While data sharing is becoming increasingly common in quantitative social inquiry, qualitative data are rarely shared. One factor inhibiting data sharing is a concern about human participant protections and privacy. Protecting the confidentiality and safety of research participants is a concern for both quantitative and qualitative researchers, but it raises specific concerns within the epistemic context of qualitative research. Thus, the applicability of emerging protection models from the quantitative realm must be carefully evaluated for application to the qualitative realm. At the same time, qualitative scholars already employ a variety of strategies for human-participant protection implicitly or informally during the research process. In this practice paper, we assess available strategies for protecting human participants and how they can be deployed. We describe a spectrum of possible data management options, such as de-identification and applying access controls, including some already employed by the Qualitative Data Repository (QDR) in tandem with its pilot depositors. Throughout the discussion, we consider the tension between modifying data or restricting access to them, and retaining their analytic value. We argue that developing explicit guidelines for sharing qualitative data generated through interaction with humans will allow scholars to address privacy concerns and increase the secondary use of their data.

Keywords: qualitative data, data sharing, sensitive data, research ethics, data curation

Introduction

While data sharing is becoming increasingly common in quantitative social inquiry, qualitative data are still rarely shared. One of the major factors inhibiting data sharing is a concern about human participant protections and privacy. Protecting the confidentiality and safety of research participants is a consideration for both quantitative and qualitative researchers, but it raises specific worries within the epistemic context of qualitative research. Thus, the applicability of emerging protection models from the quantitative realm must be carefully evaluated for elements appropriate for the qualitative realm. At the same time, qualitative scholars already employ a variety of strategies for human-participant protection implicitly or informally during the research process, so part of the challenge is lessened if data repositories help researchers draw on their familiarity and comfort with these and enhance them in the process.

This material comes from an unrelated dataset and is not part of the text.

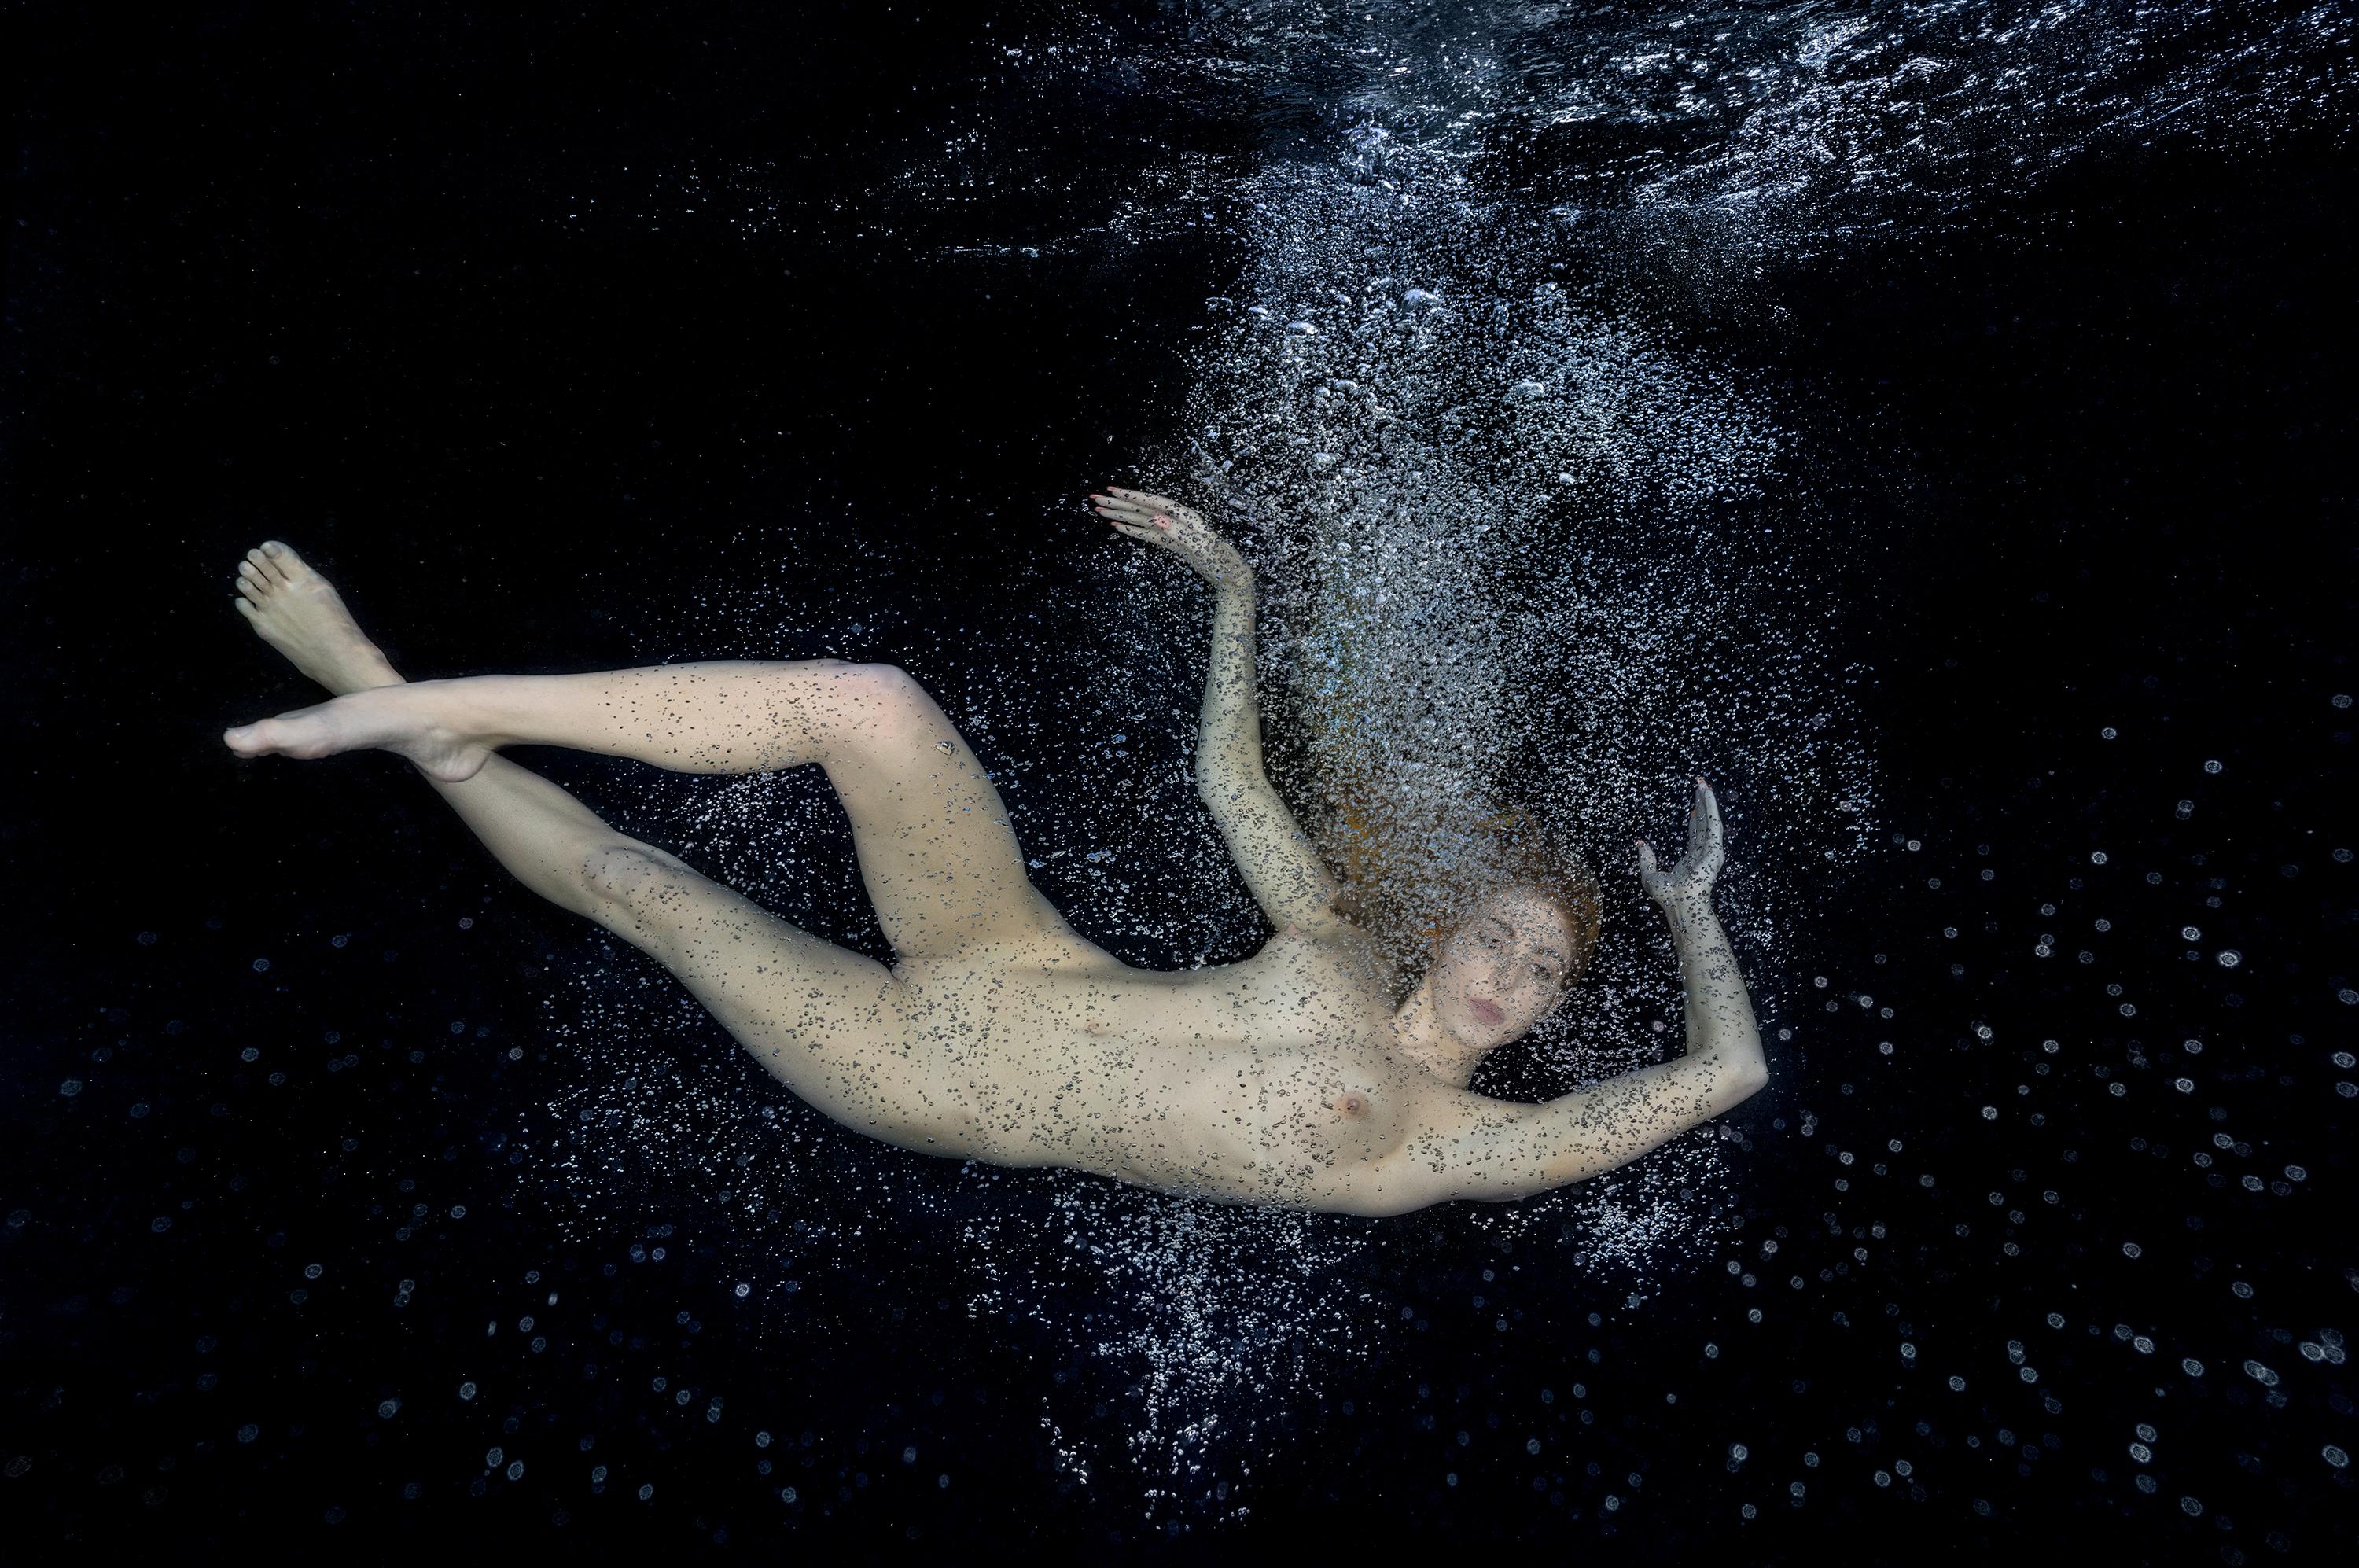 Alex Sher Figurative Photograph - Silver Rain - underwater nude photograph - archival pigment 17" x 24"

In this practice paper, we draw on our experiences working at the Qualitative Data Repository (QDR) to assess available approaches for protecting human participants and how they can be deployed in the qualitative realm in particular. We describe a spectrum of possible data management options that can be used individually or in combinations, such as de-identification and applying access controls. We also review some use-case applications by the repository in tandem with its pilot depositors. Throughout the discussion, we consider the tension between modifying data or restricting access to them, and retaining their analytic value. We argue that domain data professionals, cognizant of the needs of social scientific scholarly communities, can develop explicit but flexible guidelines for sharing qualitative data generated through interaction with humans that allow scholars to address privacy concerns throughout their work process. This, in turn, will make their collected data shareable and increase their secondary use for analytical or pedagogical purposes.

Impossible to share?

All those records had now been burned: Even before the controversy began, Goffman felt as though their ritual incineration was the only way she could protect her friend-informers from police scrutiny after her book was published.[1]

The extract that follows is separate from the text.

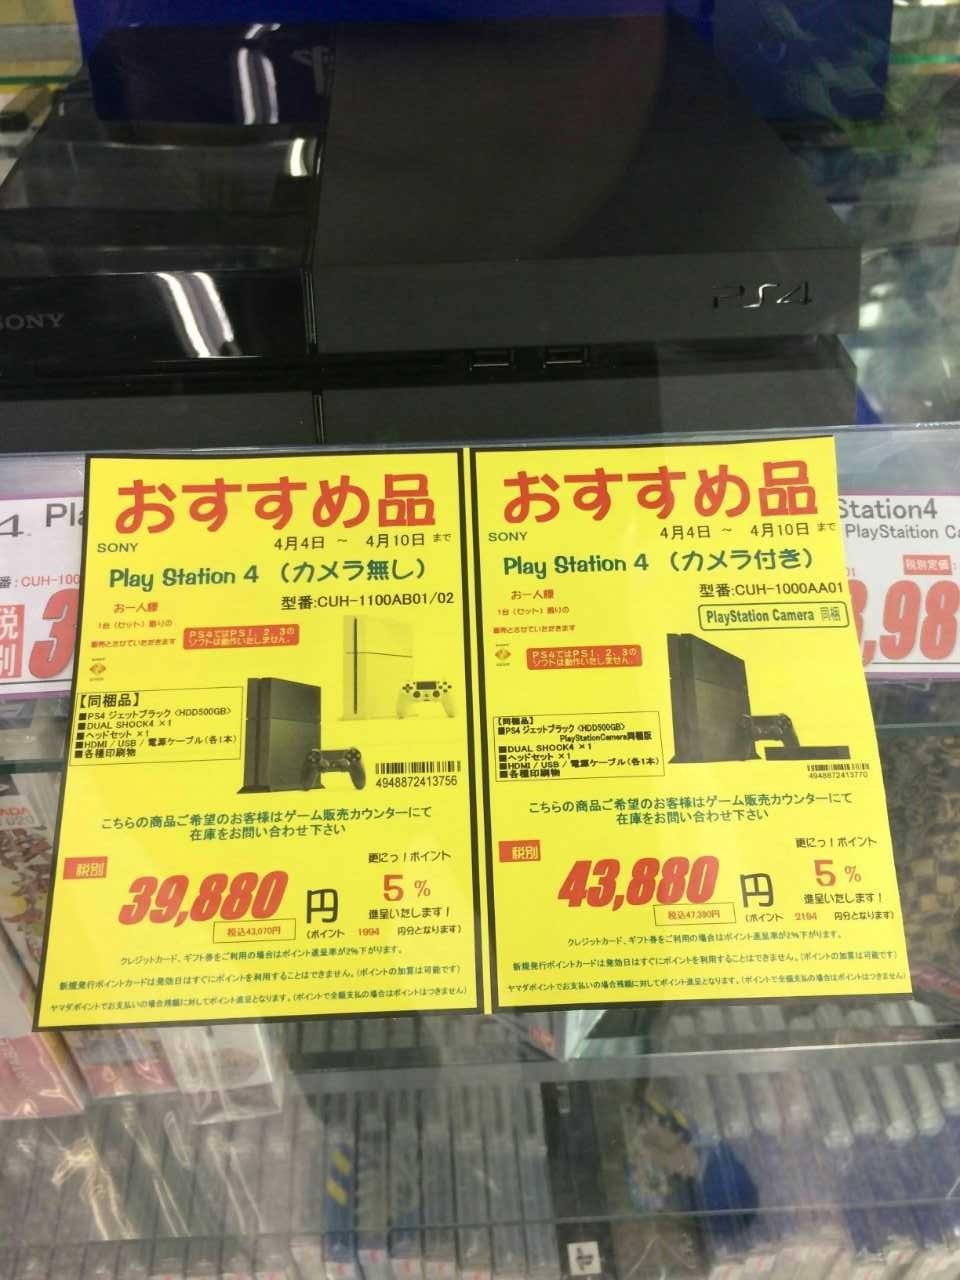 托朋友在日本带PS4,但是人到了却看不懂买哪

Until recently, sociologist Alice Goffman’s approach to protecting her research participants was the norm in qualitative social science, even with data far less sensitive than her ethnographic study of crime and policing in low-income communities in Philadelphia.[2] A lack of awareness about the need for and benefits of data sharing limited practicable strategies for protecting participants, and structurally conservative institutional review boards (IRBs) all combined to dissuade researchers from even attempting to share their data. Even more fundamentally, not thinking of the qualitative materials they collect as “data” with inherent value beyond their own study, many social scientists have remained oblivious to the developing technologies, practices and scientific infrastructure that make sharing that is both legal and ethical newly possible.

The tide is turning, however: open science and research transparency are becoming established as disciplinary norms, and funding agencies as well as journals are developing mandates for making articles, data, and software available to the scientific community and the public at large. Simultaneously, textual, audio, video and other types of qualitative data are becoming more immediately obtainable, and those collected in digital formats are increasingly easy to distribute. Each of these factors leads to an increased interest in managing and sharing qualitative data, but also raises concerns about how to openly share those involving human subjects both ethically and safely. The tensions between the broad vision of open access and the long-standing demand to protect the people whose information researchers use are important, but should not be declared irreconcilable. The most fruitful way forward is for institutions that fund data collection, that store data for sharing, and that publish academic work making knowledge claims on the basis of these data – in collaboration with the researchers themselves – to develop policies and procedures that are consistent with relevant legal and ethical obligations, ensuring the well-being and privacy of research participants.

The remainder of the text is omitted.